Быть может, на нас подействовало одно-единственное слово: снайперы называют «допингом» все, что помогает сделать меткий выстрел. Но было что-то и в самом Гумберте Пистле – пушечная бронза под слоем мягкого пуха. Он поманил нас за собой, и мы поплелись к светло-зеленой двери в дальнем конце зала. Только пропустив всех нас, он вошел сам.
Горящий ФОКС был страшнейшим оружием. Вступая во взаимодействие с Дрянью, он не подавлял ее, а зажигал. Пламя распространялось мгновенно, и очень скоро весь Нереальный мир мог оказаться в огне. А Нереальный мир обернут вокруг Жилой зоны, как пончик вокруг повидла.
Однако возгорания ФОКСа случались крайне редко. Необходимо было нагреть его до очень высокой температуры и долгое время ее поддерживать. Если это и была случайность, то весьма странная, а если нет, то впереди нас ждали новые неприятности.
Гумберт Пистл уперся руками в стол. Я заметил, что он снял только одну перчатку. В переговорной комнате было не холодно, но стоило сделать скидку на его почтенный возраст. Или это вообще протез – Пистл обращался с рукой бережно и держал ее у груди, словно хрупкую вазу. Он включил проектор, и на стене появилась контурная карта с четко прорисованными зданиями.

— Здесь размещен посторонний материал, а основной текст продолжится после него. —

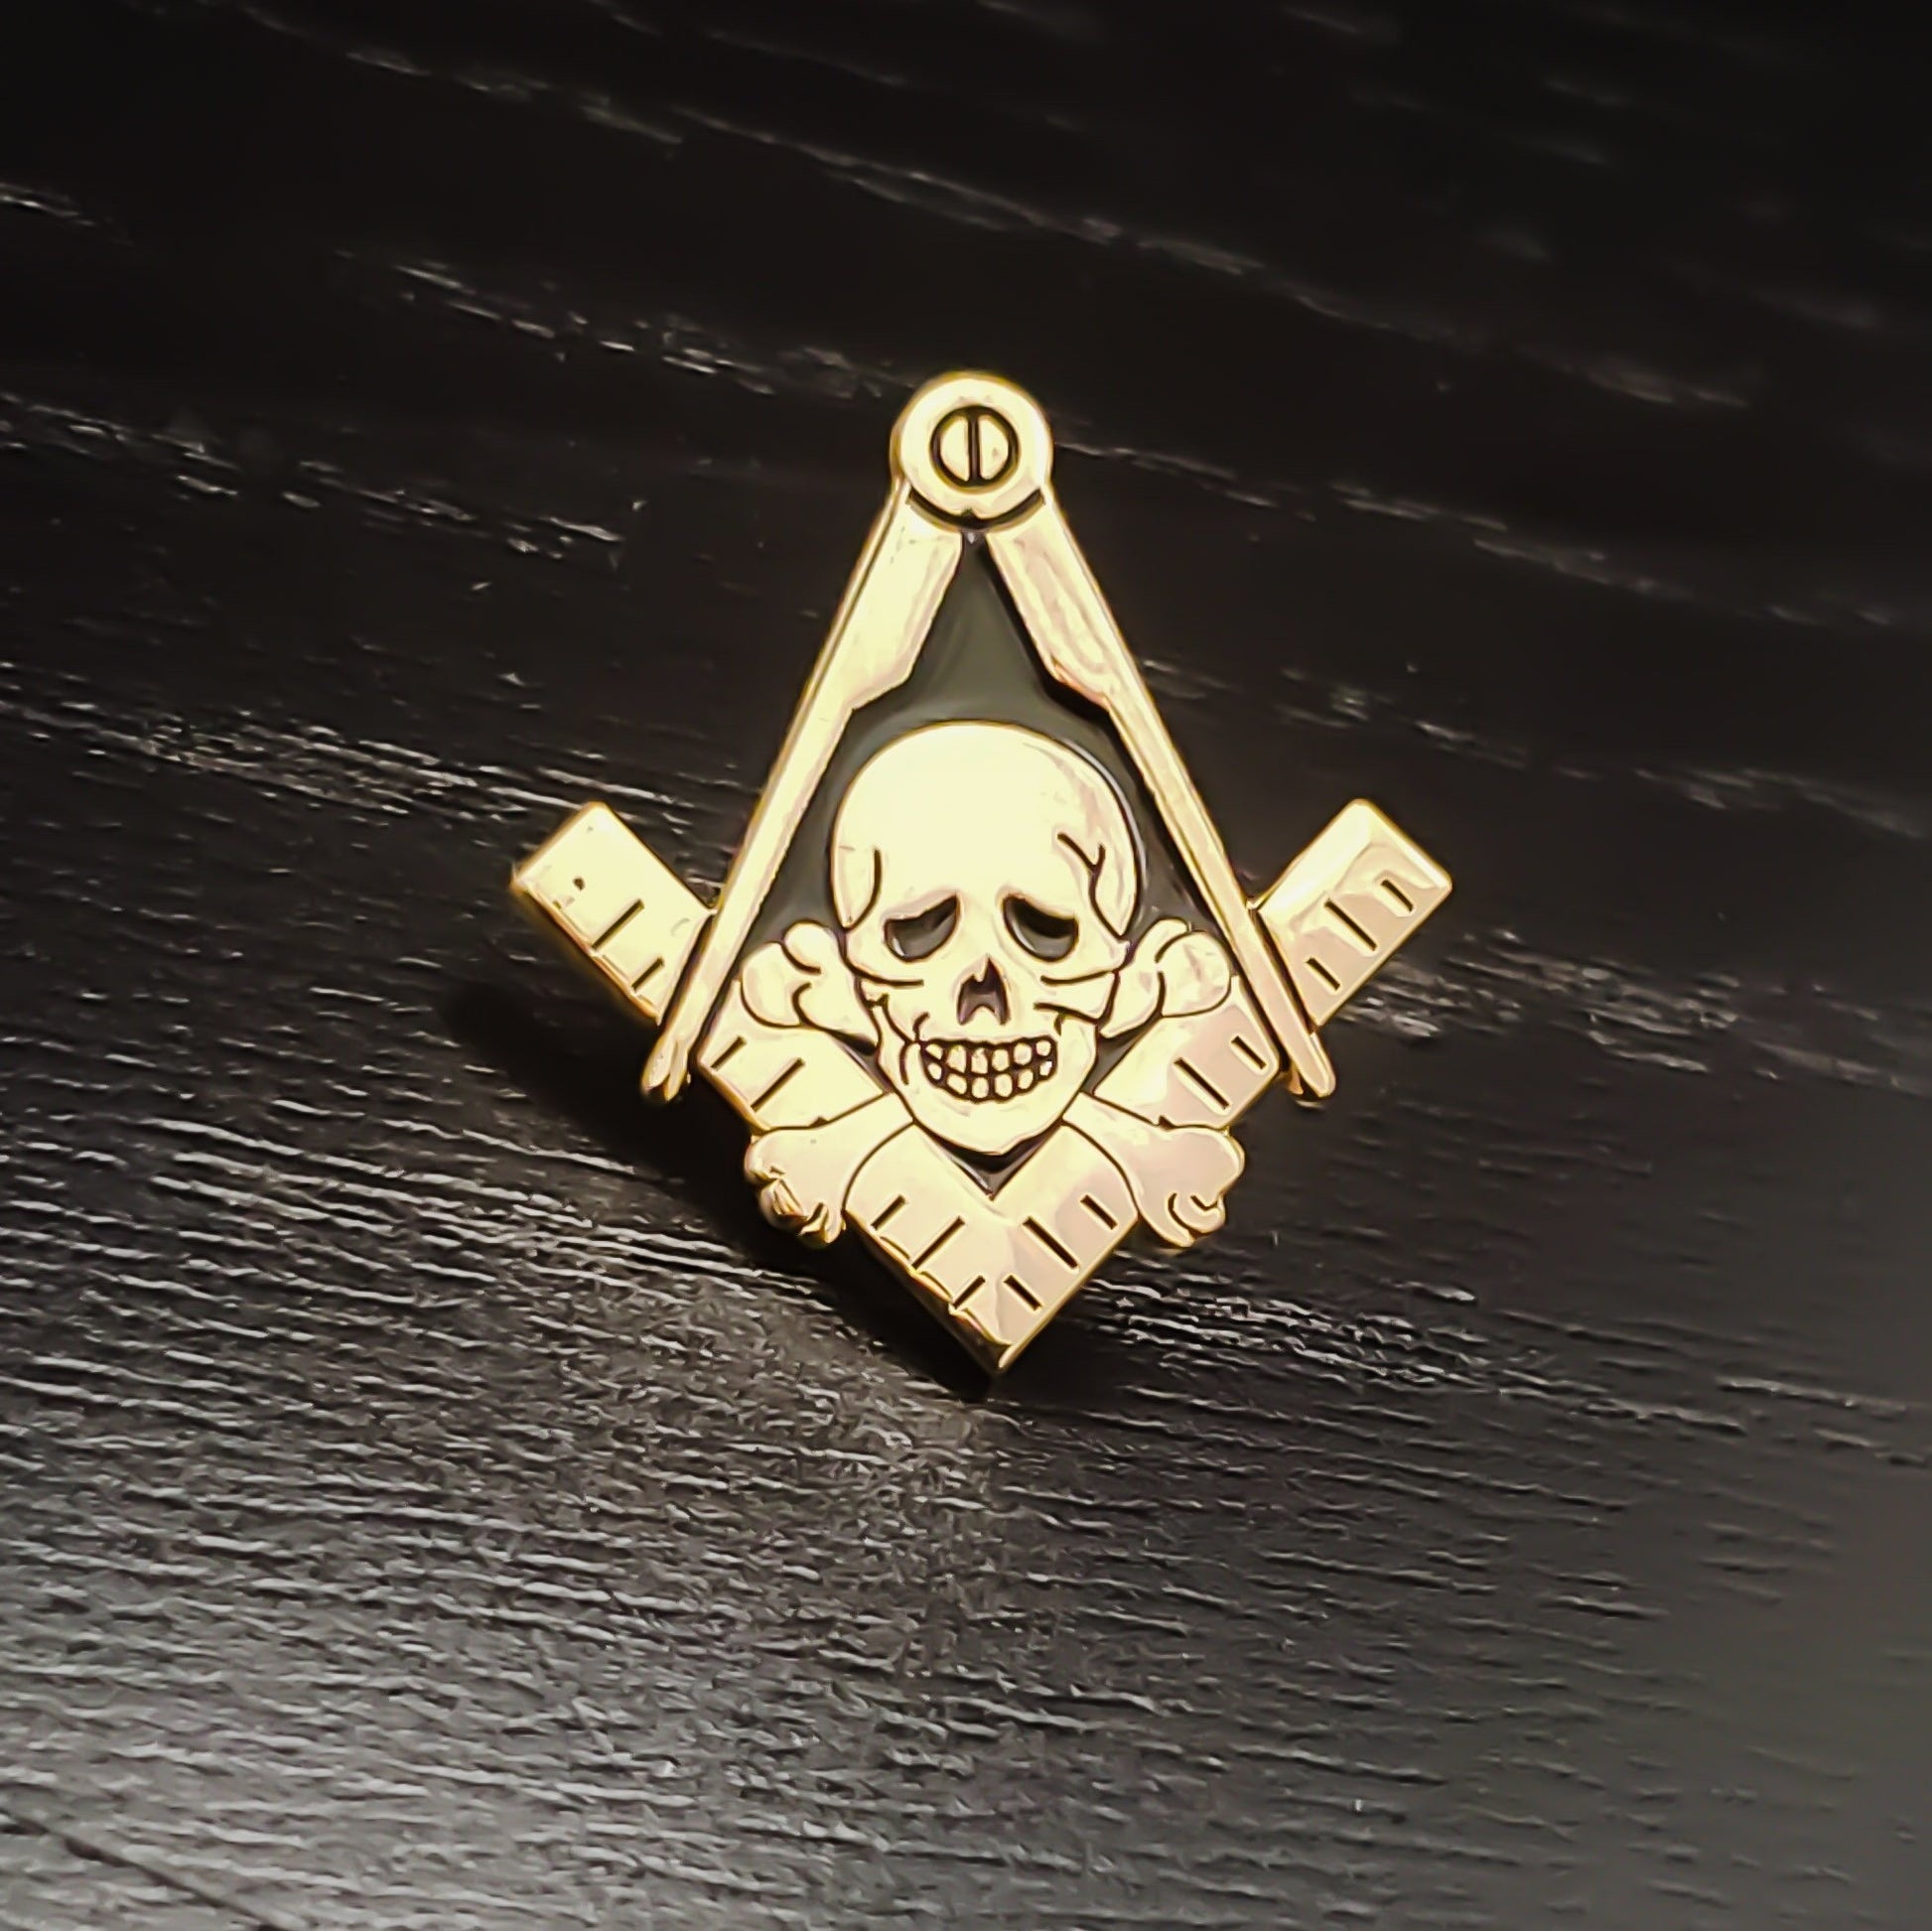 Memento Mori Masonic Skull Lapel Pin Gold/Black Masonic Pin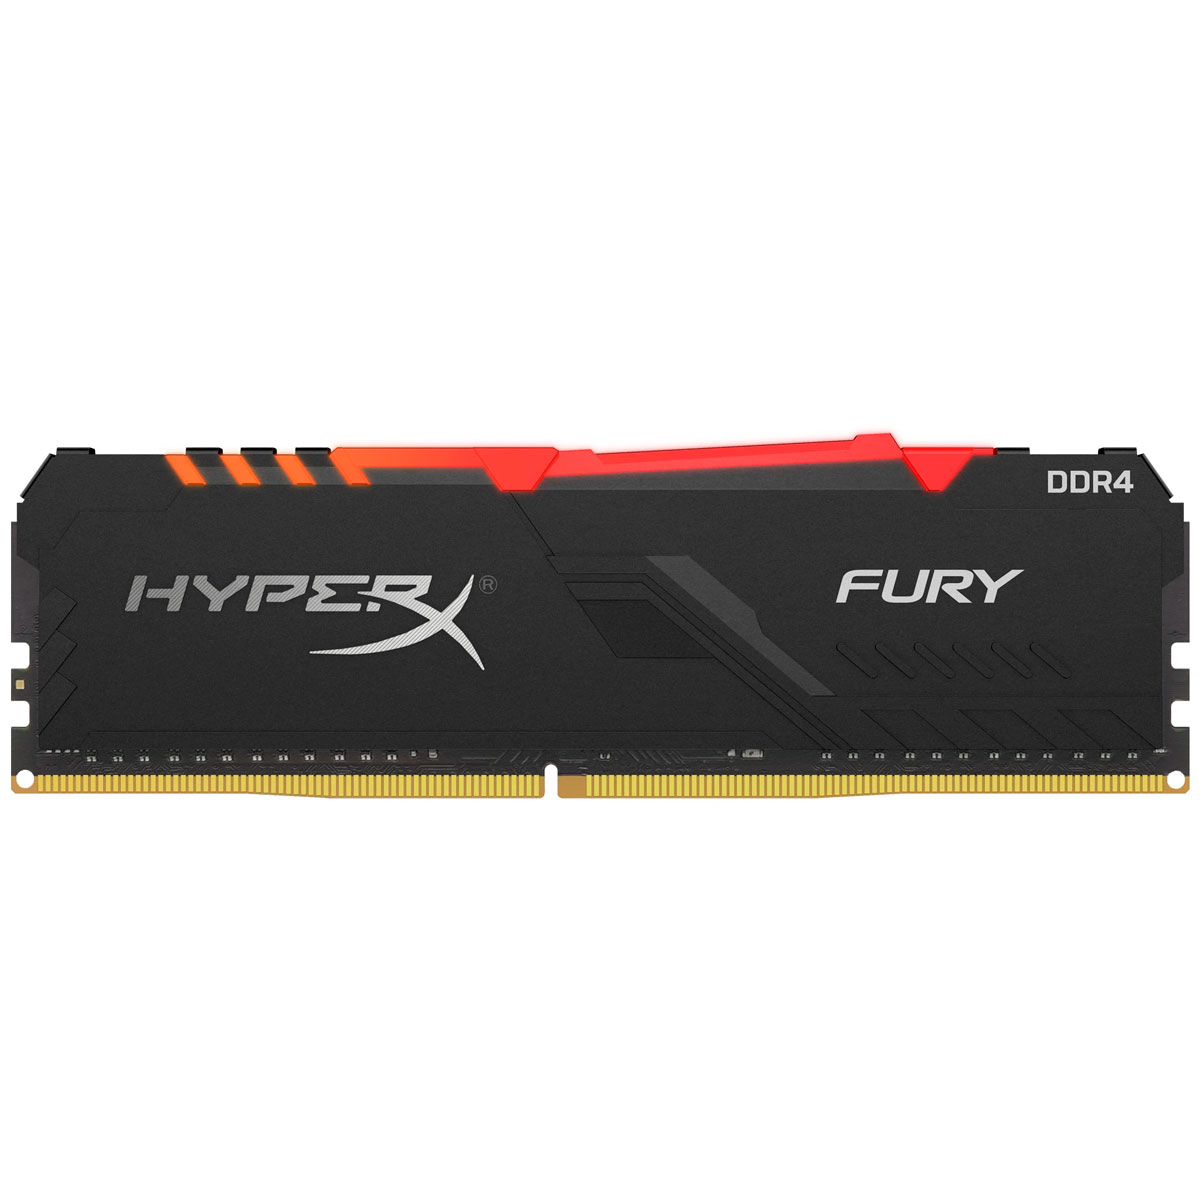 Memória 8GB DDR4 3000MHz HyperX Fury RGB - CL15 - Preto com Iluminação RGB - HX430C15FB3A/8

– Это место происшествия, Девятая станция, – сказал Пистл. – Здесь хранится основной запас и небольшой генератор ФОКСа на случай выхода из строя главного. А вот наш пожар. – Он наложил второй слайд на первый, и большое красное пятно поглотило здание, оранжевое по краям и почти желтое в середине. – Это – ураган, который доберется туда часов через двадцать. – Появилось схематичное изображение ветра, который раздует пламя и понесет его за Границу и дальше. – Леди и джентльмены, прошу вас! – Мы перевели взгляд на него, и он повторил: – Прошу вас, езжайте и потушите эту хренотень. – Гумберт Пистл прожил долгую и насыщенную жизнь. Он умел правильно ругаться. Мы друг за другом посмотрели на него и кивнули. Джим Хепсоба взглянул на Салли, и она тоже кивнула. Есть, сэр.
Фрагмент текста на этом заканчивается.